Dave MacLean, president of the Ryerson Commerce Society believes that RyeSAC should stop short of promoting any political agenda.

“Are they really representing all 14,000 students by saying down with Ernie vote for Howard?” asked MacLean. “I’m not saying what party to vote for but I am willing to say that student council should never take political stances. i challenge them to step up this year and actually care about the whole school. Lobbying has its place but we don’t have to do it constantly.”

Isber and MacLean point to the Canadian Federation of Students as the source of RyeSAC’s purported left-wing bias. The CFS is Canada’s largest student representative body, unifying 75 locals across the country. Much of the literature and paraphernalia slated for distribution across campus endorses the NDP educational platform, which includes reducing tuition fees by 10 per cent.

The CFS denies any left-wing affiliation.

“We work with issues, not political parties,” said Joel Duff, Ontario chairperson for the CFS. “if parties agree with our principles, great. If not, then we work to change that. We are non-partisan. It doesn’t serve us to belong to a party.”

Although membership with the CFS was determined by a student referendum, Isber said it alienates students.

“Many business and engineering students prefer not to vote “NO” to the WTO and they support the G8,” he said, referring to other social concerns addressed by the CFS. “Many plan on jobs on Bay street where the CFS holds its protests.”

MacLean said that while rising tuition fees are a shared grievance among all students, RyeSAC should tackle other important issues of concern to Ryerson students.

“If we only focus on tuition, where are we getting on the rest of it,” said MacLean. “Poor teaching, bad courses, the hiring process and the board of governors all affect how students get to class.
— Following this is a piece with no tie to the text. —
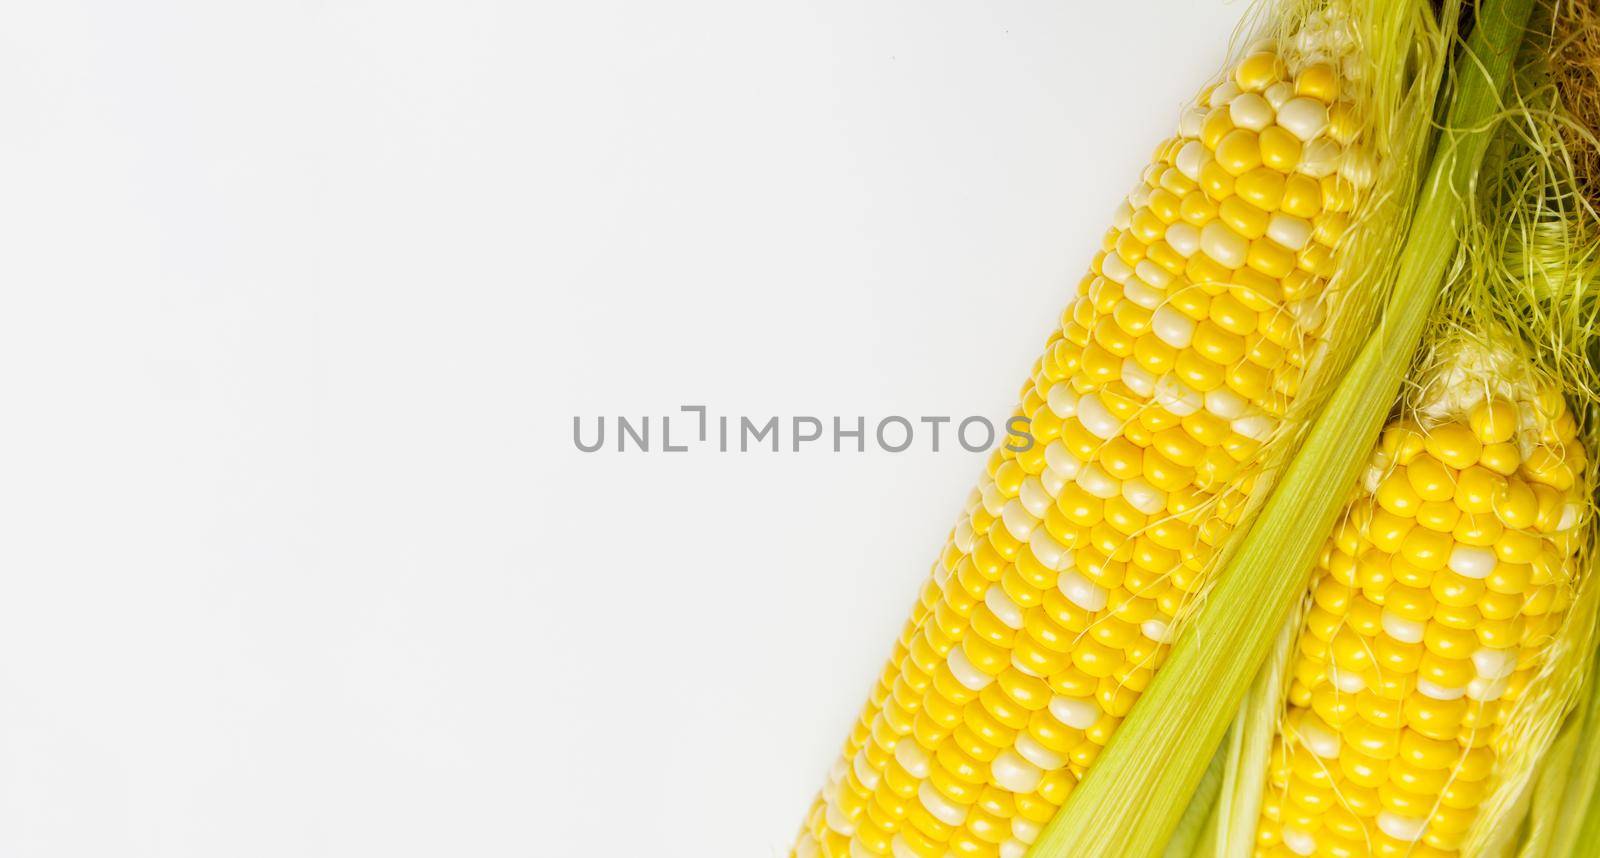 Grains of Ripe Corn with Water Droplets. Extreme Macro. Isolated with copy space for text by InnaVlasova

We need to focus on educational, social, and professional programs.”

But Marciniec said the primary goal of the campaign is to help students participate in the voting process.

“We have a real oppertunity here after years of sky-rocketing tuition fees, deregulation and 40 per cent less access to OSAP to go out as students and vote for a new government that will take students seriously,” said Marciniec.

“We need to convinve students to vote and educate them on the track records and party platforms so they can make an educated decision.”